- Input data
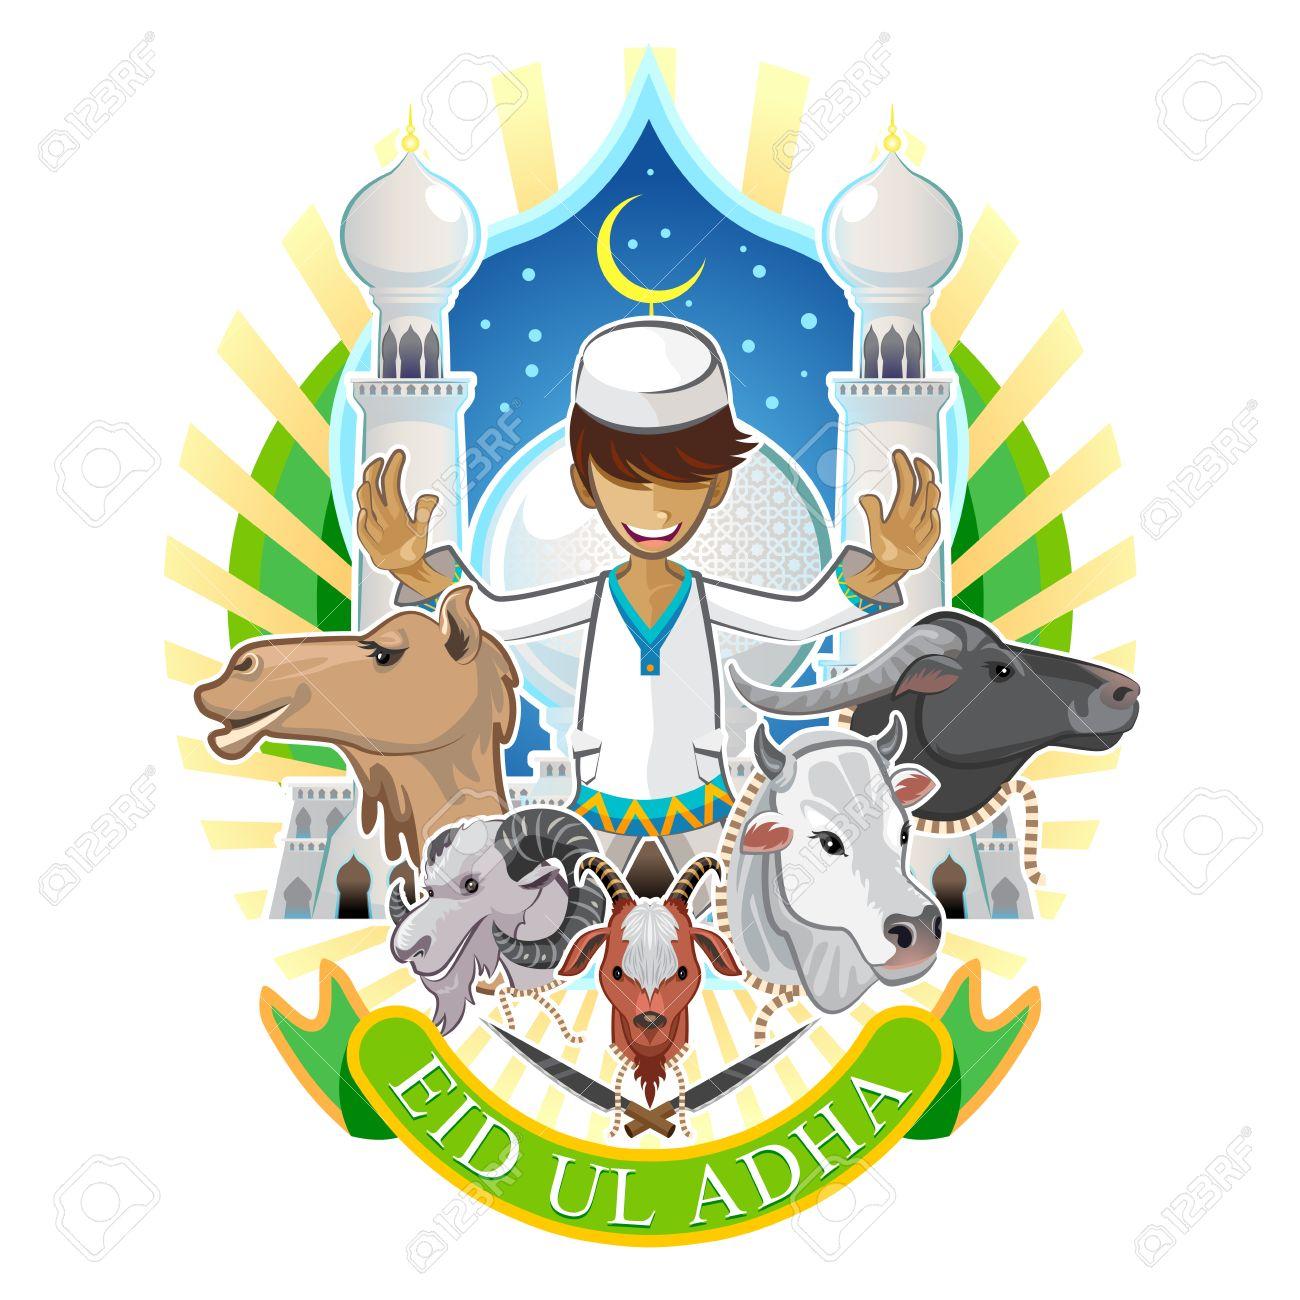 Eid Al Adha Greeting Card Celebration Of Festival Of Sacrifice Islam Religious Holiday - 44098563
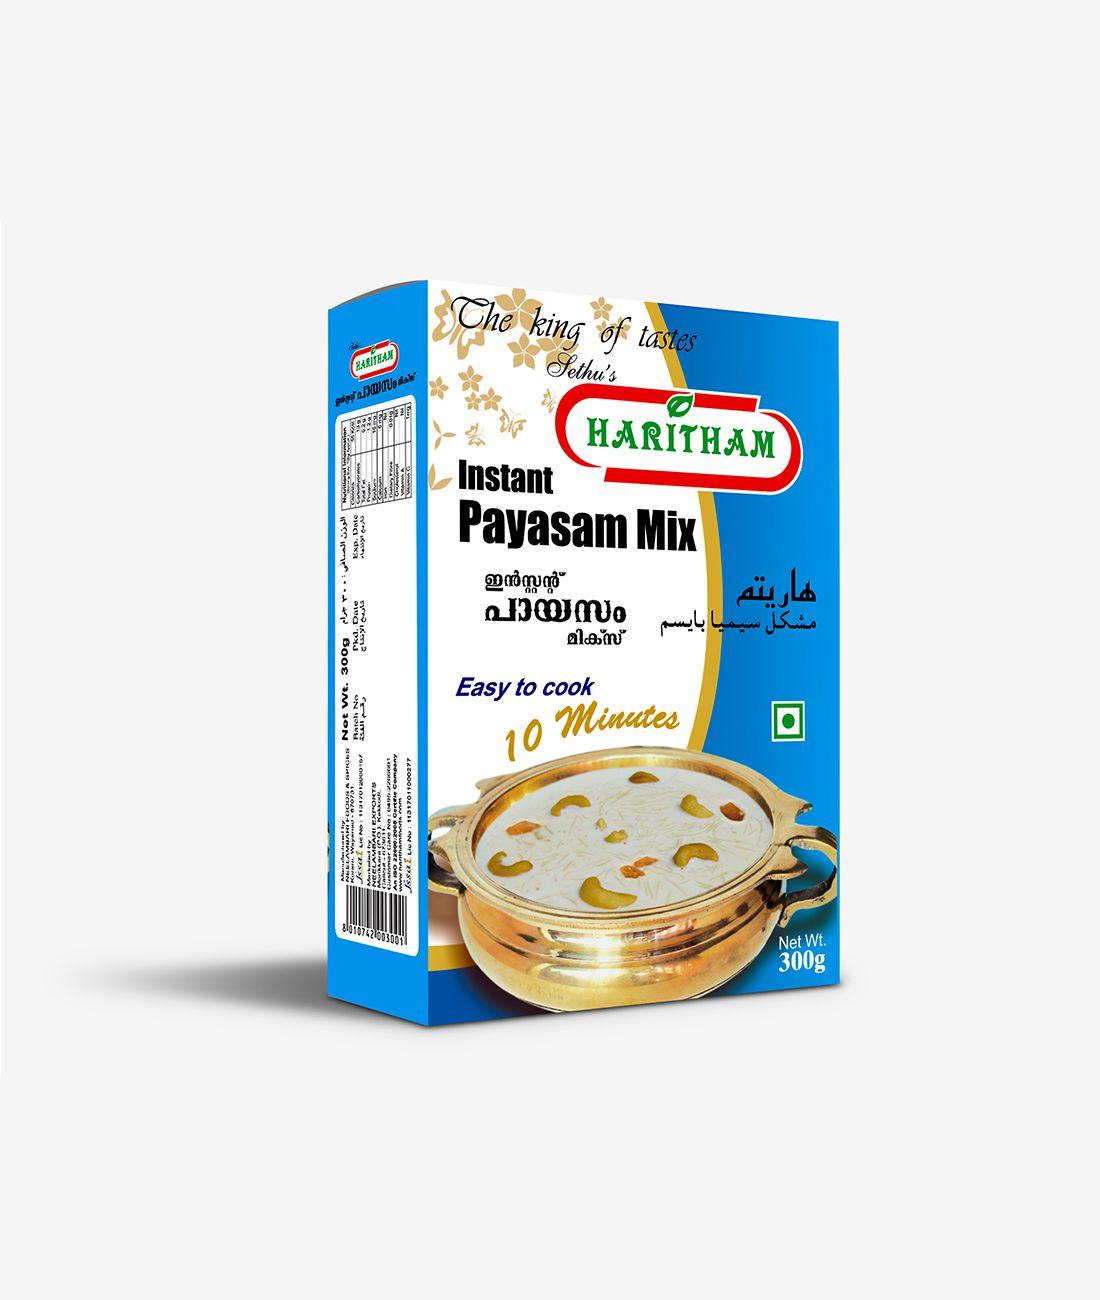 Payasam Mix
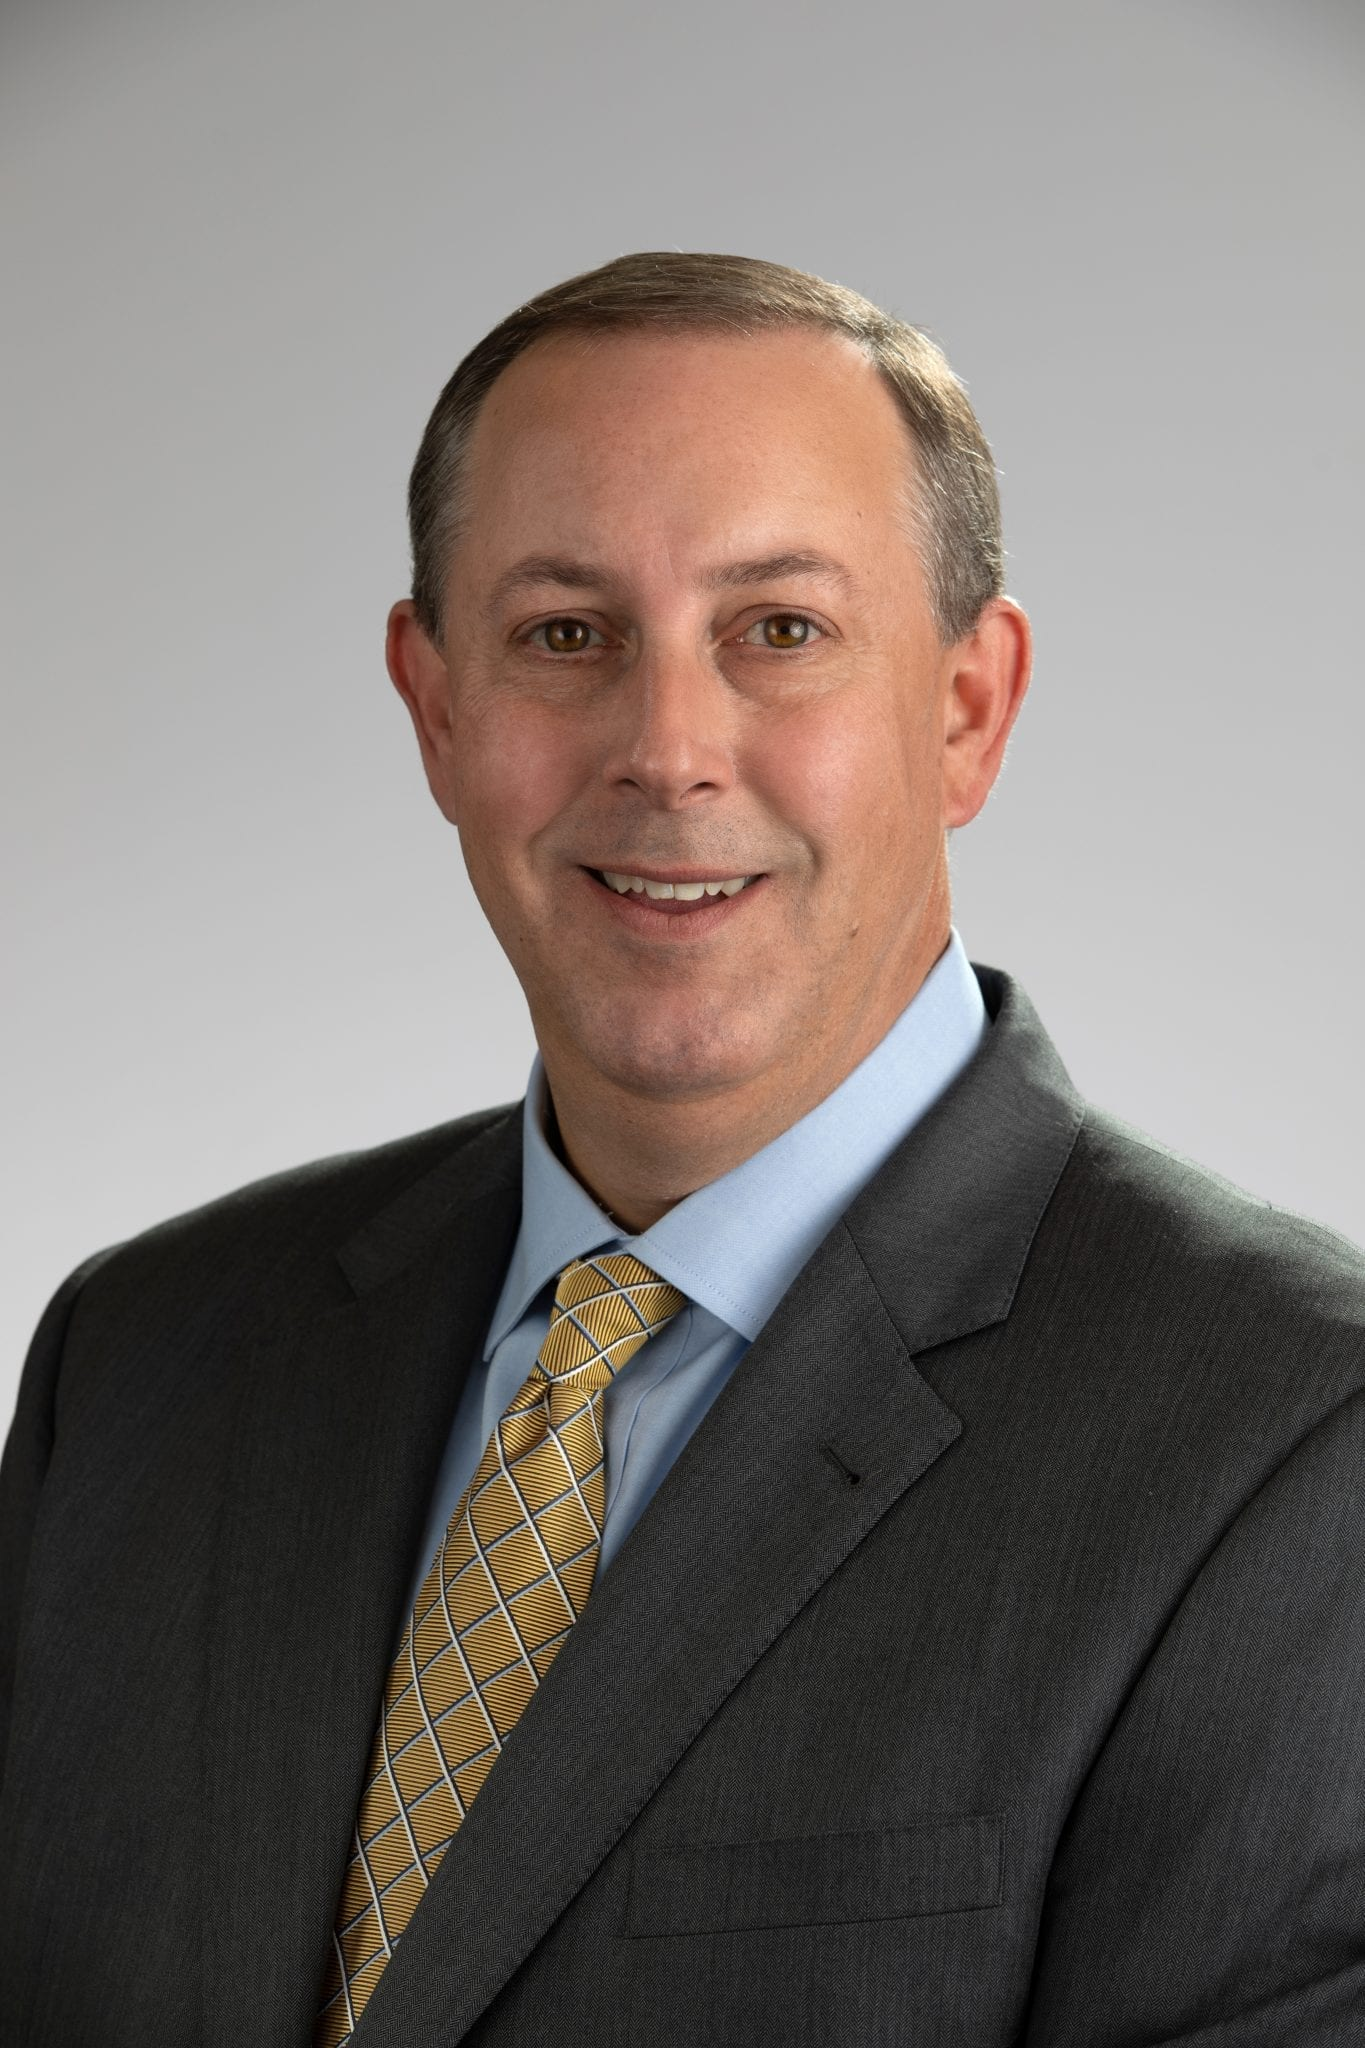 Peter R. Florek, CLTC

- Exercise brief
Copy out the whole listing exactly. Skip its pictures.

- Response
 Eid Al Adha Greeting Card Celebration Of Festival Of Sacrifice Islam Religious Holiday - 44098563
 Payasam Mix
 Peter R. Florek, CLTC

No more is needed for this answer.